We can now create our _step and run functions which will call our _stream and _step functions respectively.

async def _step(self, question: str):
    response = await self._stream(question)
    tools_and_outputs = []
    async for chunk, tool in response:
        if tool:
            print(f"using {tool._name()} tool with args: {tool.args}")
            tools_and_outputs.append((tool, tool.call()))
        else:
            print(chunk.content, end="", flush=True)
    if response.user_message_param:
        self.messages.append(response.user_message_param)
    self.messages.append(response.message_param)
    if tools_and_outputs:
        self.messages += response.tool_message_params(tools_and_outputs)
        await self._step("")

async def run(self):
    while True:
        question = input("(User): ")
        if question == "exit":
            break
        print("(Assistant): ", end="", flush=True)
        await self._step(question)
        print()

The run function will keep running until the LLM feels that the users question can be answered.

print(WebAssistant().run("What are the top 5 smartphones"))
# > 1. **iPhone 15 Pro Max**
#      - **Best Overall:**
#        - The iPhone 15 Pro Max offers a powerful A17 chipset, a versatile camera system with a 5x zoom telephoto lens, and a premium design with titanium sides. It's noted for its remarkable battery life and robust performance.
#
#   2. **Samsung Galaxy S24 Ultra**
#      - **Best Samsung Phone:**
#        - The Galaxy S24 Ultra features a Qualcomm Snapdragon 8 Gen 3 processor, a stunning OLED display, and a highly capable camera system with a new 50MP shooter for 5x zoom. It stands out for its AI capabilities and impressive battery life.
#
#   3. **Google Pixel 8 Pro**
#      - **Smartest Camera:**
#        - The Pixel 8 Pro is celebrated for its AI-driven photo-editing features, including Magic Editor and Magic Audio Eraser. It sports a Tensor G3 chip, a high-resolution display, and enhanced camera sensors, providing excellent low-light performance and a support period extending to seven years of updates.
#
#   4. **Google Pixel 8a**
#      - **Best Under $500:**
#        - The Pixel 8a delivers high performance with its Tensor G3 chipset, a bright OLED display, and strong camera capabilities for its price range. It also offers Google's AI features and promises seven years of updates, making it an excellent budget option.
#
#   5. **iPhone 15**
#      - **Best iPhone Value:**
#        - The iPhone 15 includes a 48MP main camera, supports USB-C, and features Apple's A16 Bionic chipset. It provides good value with solid performance, camera quality, and a user-friendly experience.
#
#   These smartphones have been chosen based on their overall performance, camera capabilities, battery life, and additional features like AI integration and long-term software support.

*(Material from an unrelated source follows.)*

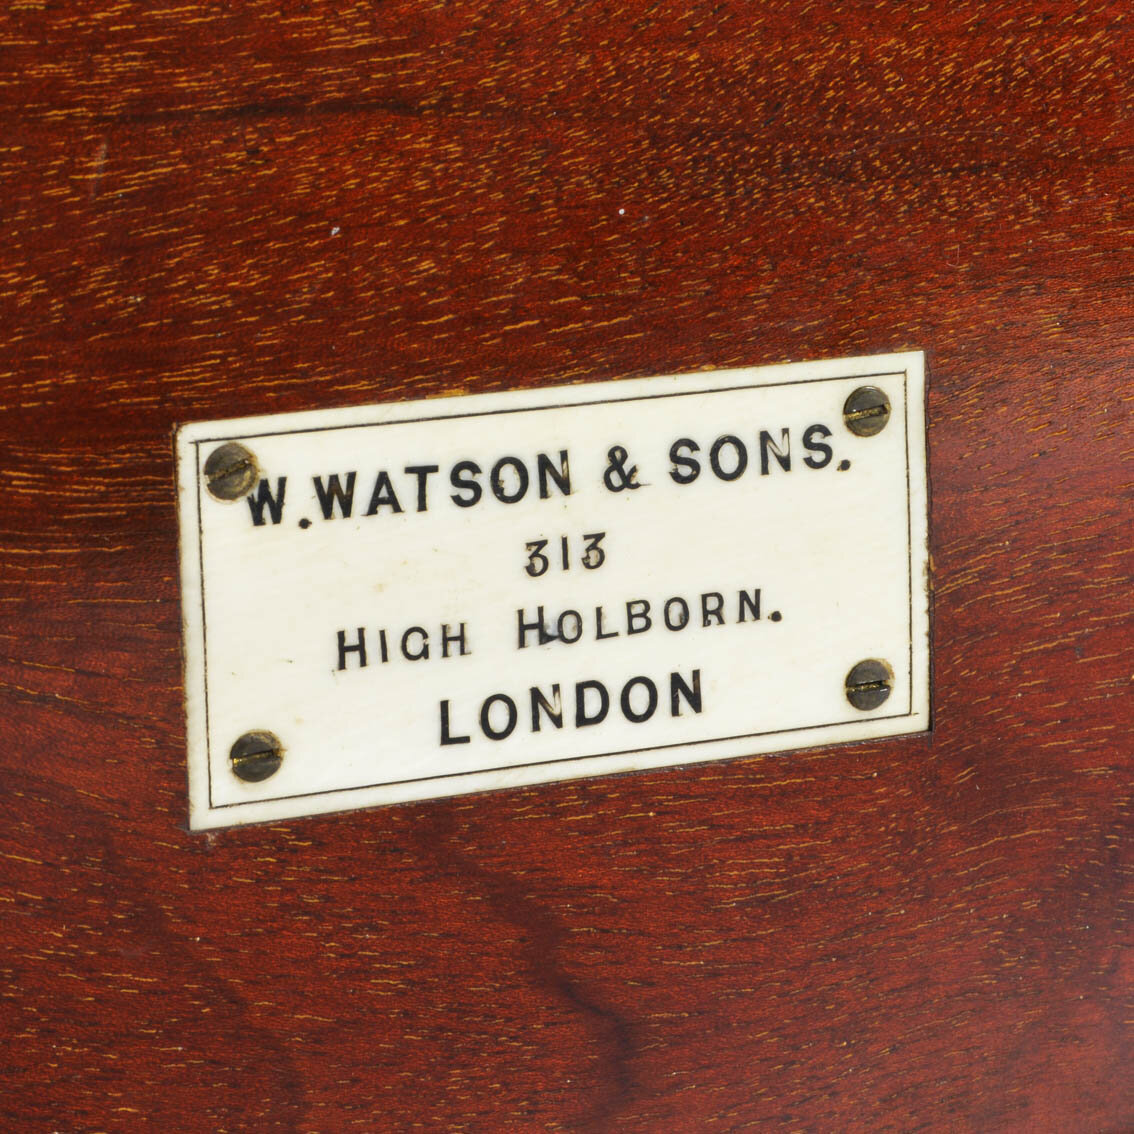 Watson 'Premier' 10 x 8 Tailboard Camera, circa 1900

Note that by giving the LLM the current date, it'll automatically search for the most up-to-date information.

Check out Evaluating Web Search Agent for an in-depth guide on how we evaluate the quality of our agent.

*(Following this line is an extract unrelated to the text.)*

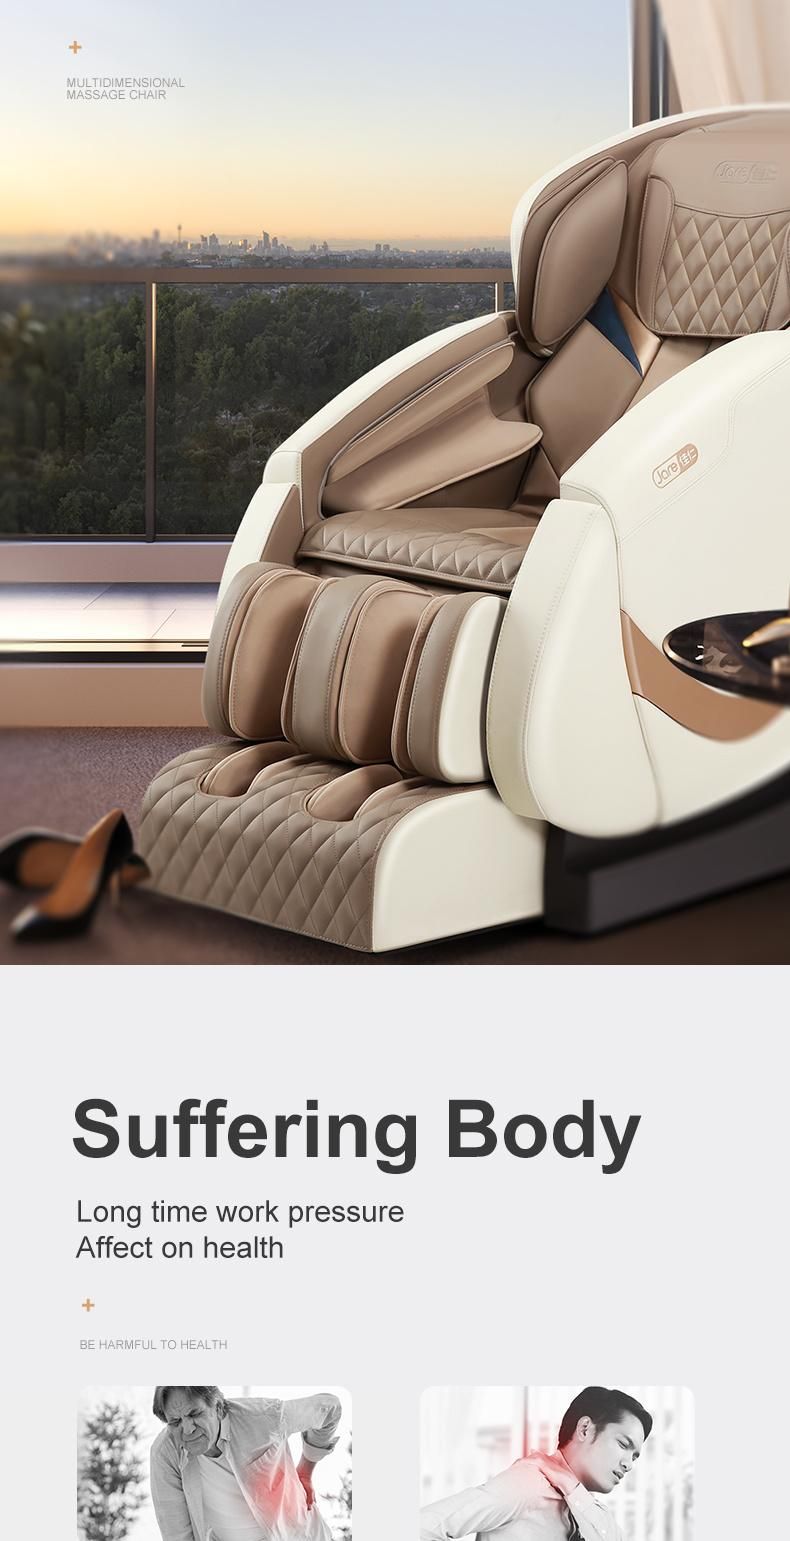 Jare V8 Luxury Automatic Shiatsu Kneading Cheap New Design Electric Zero Gravity Heated Home Body Care 4D Massage Chair

Additional Real-World Applications

Advanced Research Assistant
- Stay updated on latest developments in rapidly evolving fields
Personalized Education
- Create customized learning materials based on current curricula
Business Intelligence
- Assist in data-driven decision making with real-time insights
Technical Support and Troubleshooting
- Assist in debugging by referencing current documentation
Travel Planning
- Provide updates on travel restrictions, local events, and weather
Journalism and Fact-Checking
- Help identify and combat misinformation
Environmental Monitoring
- Track and analyze current climate data

When adapting this recipe, consider:

Optimizing the search by utilizing async to increase parallelism.
When targeting specific websites for scraping purposes, use response_model to extract the specific information you're looking for across websites with similar content.
Implement a feedback loop so the LLM can rewrite the query for better search results.
Reduce the number of tokens used by storing the extracted webpages as embeddings in a vectorstore and retrieving only what is necessary.
Make a more specific web search agent for your use-case rather than a general purpose web search agent.